- Mandatory bundled payment programs for joint replacement surgery can save a modest amount of money through the use of telehealth services for rehab, according to a recent analysis.
As reported in the New England Journal of Medicine, an analysis of the first two years of the Centers for Medicare & Medicaid Services’ Medicare implemented Comprehensive Care for Joint Replacement (CJR) program for hip and knee replacements saw a savings of roughly 3 percent per procedure. That savings was attributed primarily to an almost 6 percent decrease in patients sent to care facilities.
“(I)t appears that hospitals may have successfully identified patients who are at the margin of needing post-acute care services who could instead be safely discharged home with home health services,” the study reported.
The study, led by Michael L. Barnett, MD, of the Department of Health Policy and Management at Harvard T. H. Chan School of Public Health, and colleagues from Harvard Medical School, Brigham and Women’s Hospital and the Washington University School of Medicine in St. Louis, points to the effectiveness of a physical rehabilitation program delivered via telehealth to the patient’s home.
Providers are finding that a connected health platform gives them the flexibility to schedule rehab sessions at the patient’s convenience, allowing the patient to recover at home while being monitored by a care team. Such programs reduce travel costs, improve patient engagement and outcomes and enable providers to use remote patient monitoring technology to keep track of more patients.
While this report focus on CMS’ bundled payment program, it’s not the first time a study has found benefits in a connected care platform for rehab over post-acute care services.

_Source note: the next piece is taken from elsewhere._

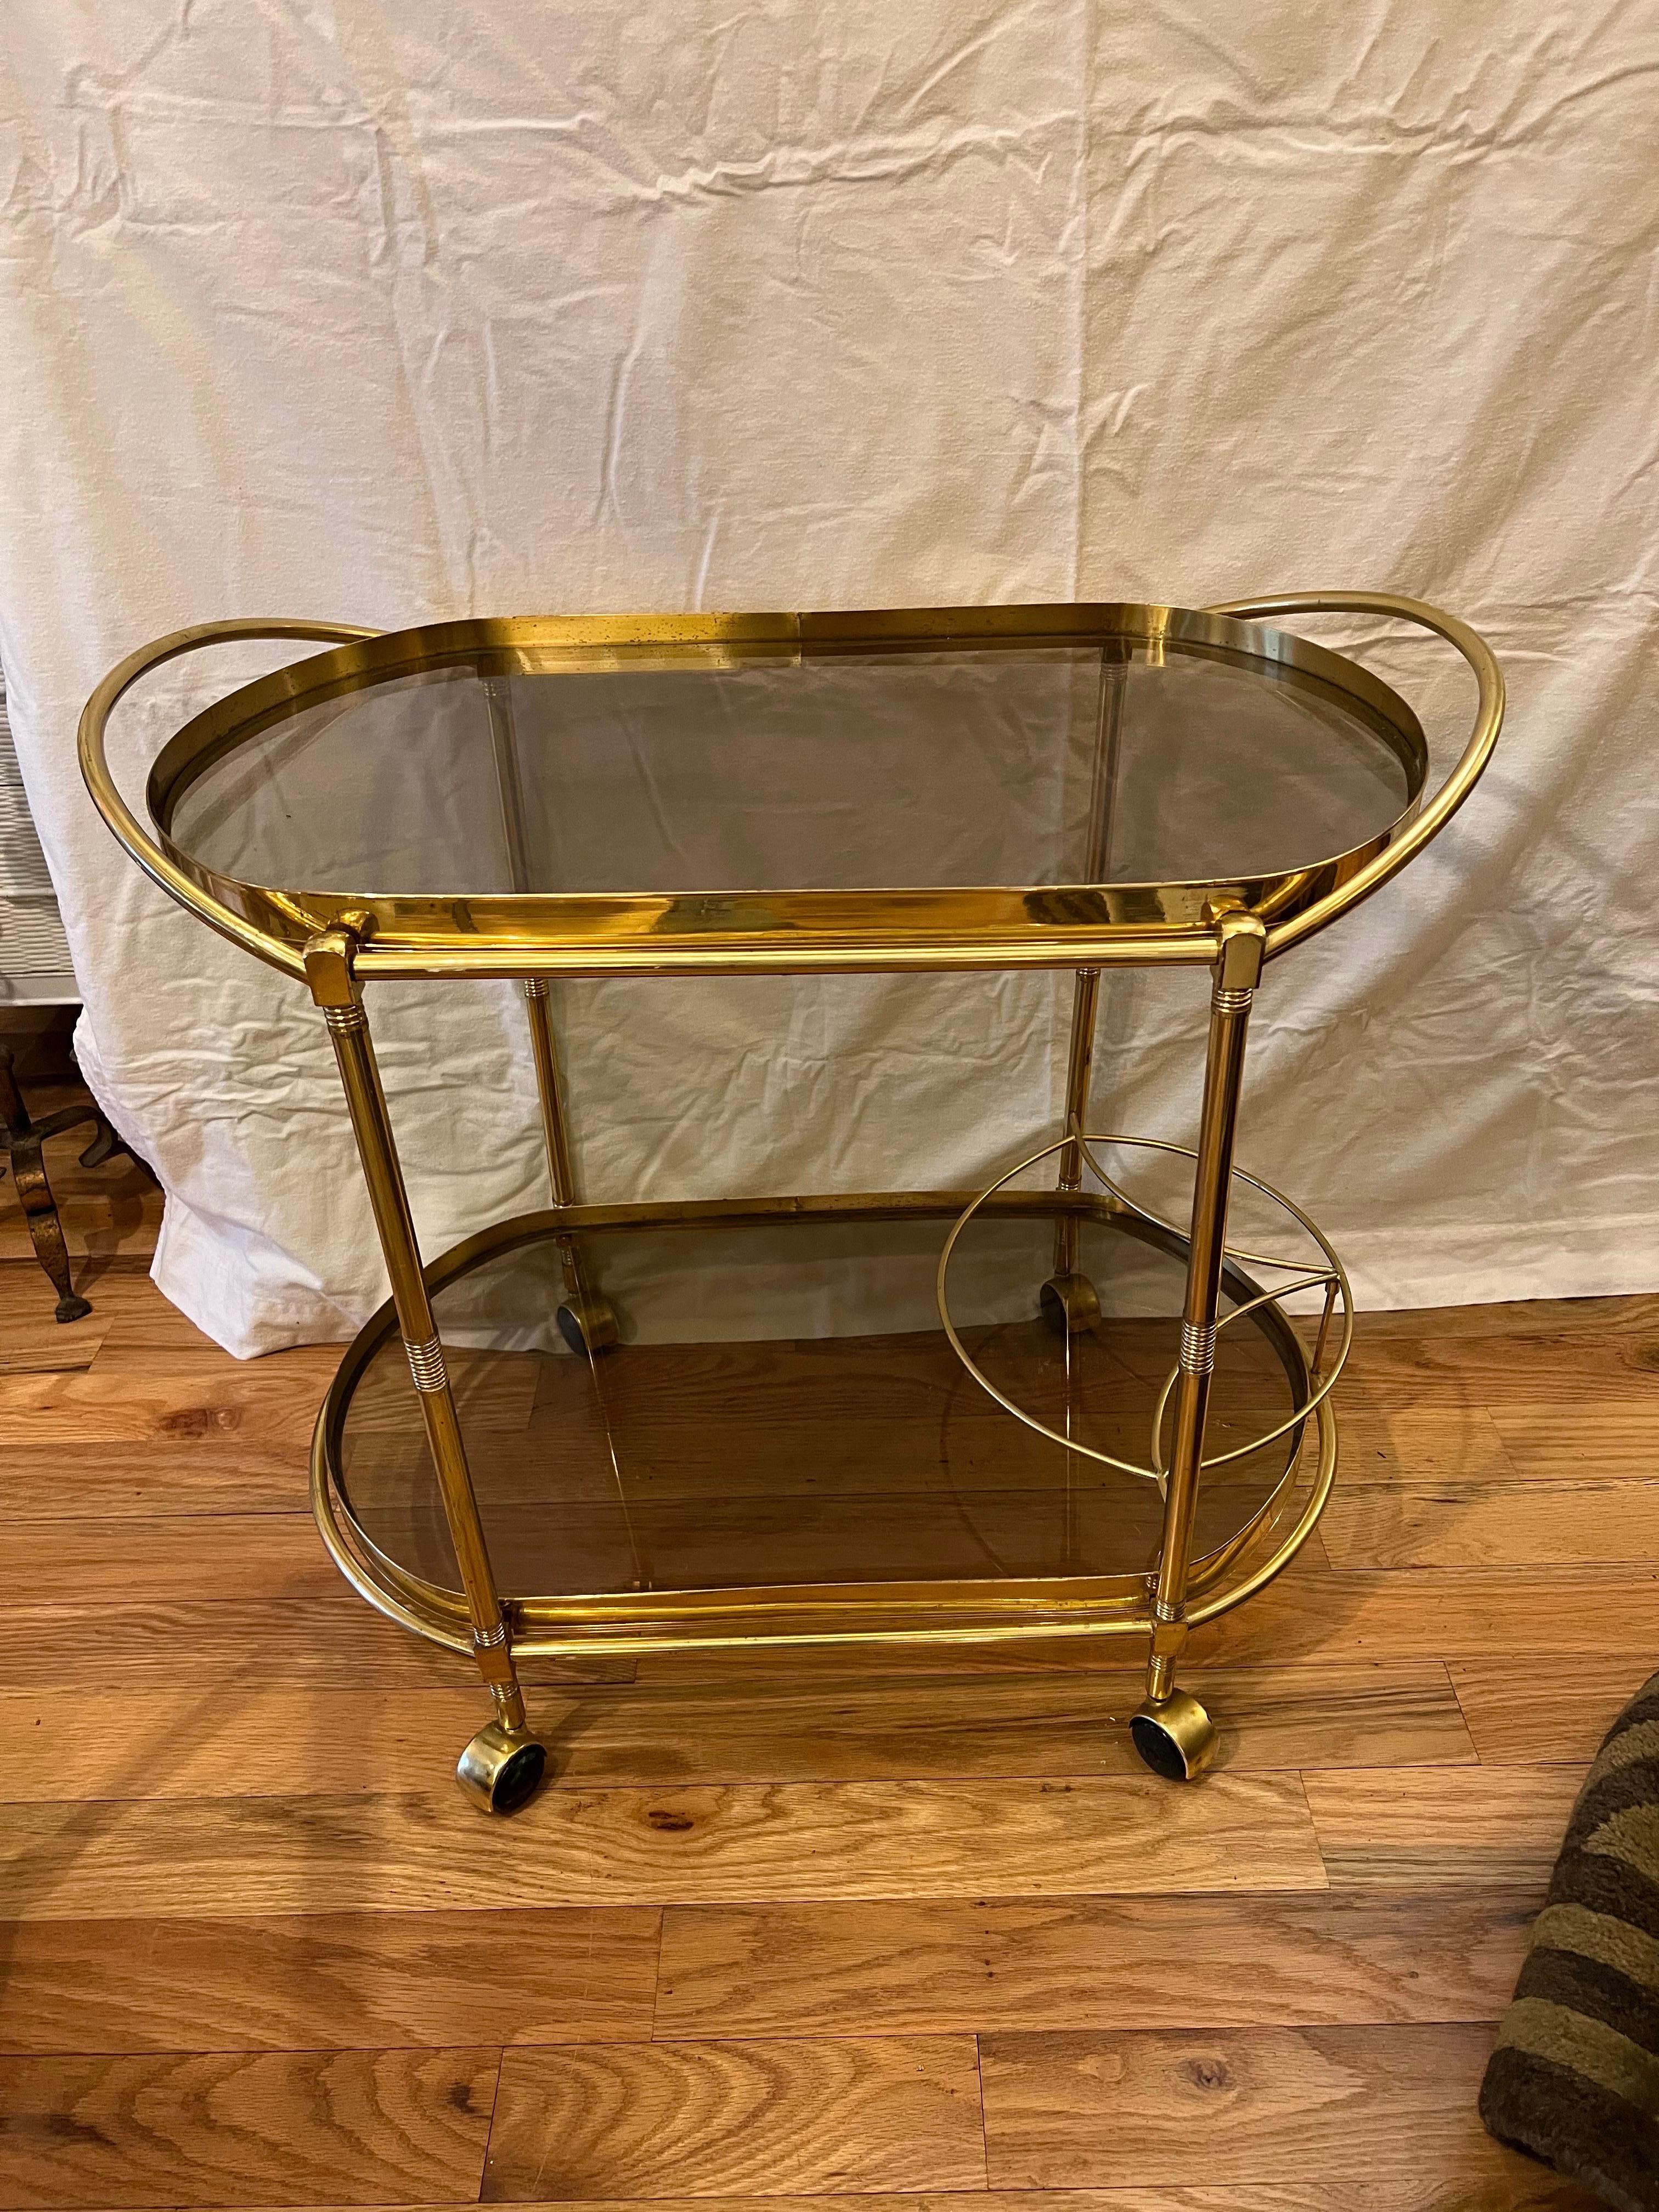 Smoked glass two tiered oval bar cart. Most likely Italian with its sleek and sexy lines. This Hollywood Regency style smoked glass and brass two tier bar cart has a bottle holder on the lower tier. Elegant oval shape with a handle to push and brass
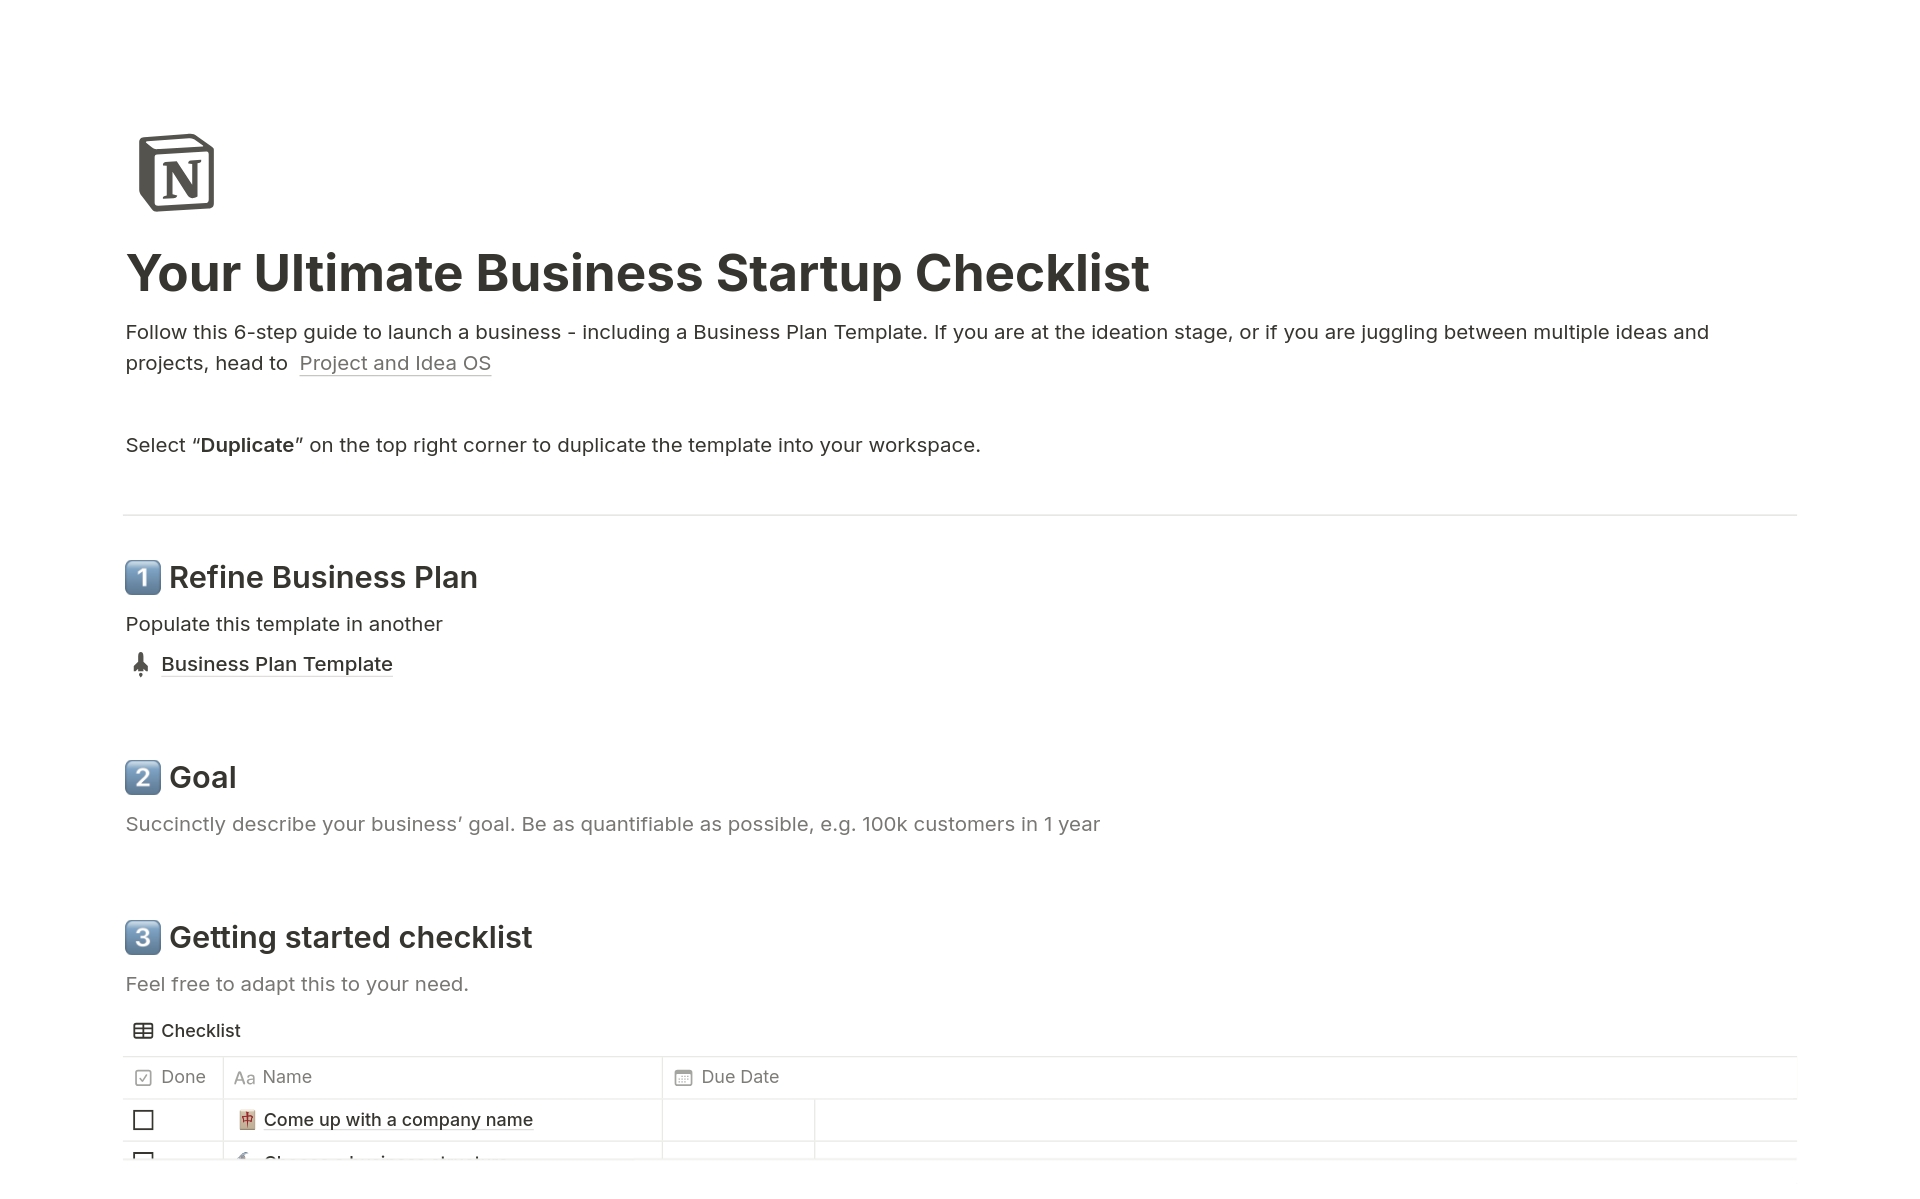 Your Ultimate Business Startup Checklistのテンプレートのプレビュー

Just last year, researchers at Duke University found that providers saved roughly $2,750 per patient by using telehealth instead of in-person treatment for post-discharge physical therapy after knee replacement surgery.
“Physical therapy is a critical component of recovery for patients following total joint replacement surgery,” Janet Prvu Bettger, PhD, an associate professor with the Duke Department of Orthopedic Surgery and principal investigator of the study, said in a press release. “As people live longer and these surgeries become more common, it is important to identify solutions that maintain or improve outcomes while decreasing the burden on patients and providers.”
The NJM study also points to the challenges of creating a bundled payment program that will show some savings. While the program for knee and hip replacements saw moderate success, Barnett and his colleagues reported that bundled payment programs targeting other therapeutic services didn’t move the needle on cost savings.
“You’ve got to know the business,” Stephen Lucey, MD, an orthopedic surgeon with Greensboro, N.C.-based Delta Joint Management, told mHealthIntelligence in an Aug. 30, 2018 interview. “Telehealth offers tons of opportunity for improving care, but you need to know how to fit it in.”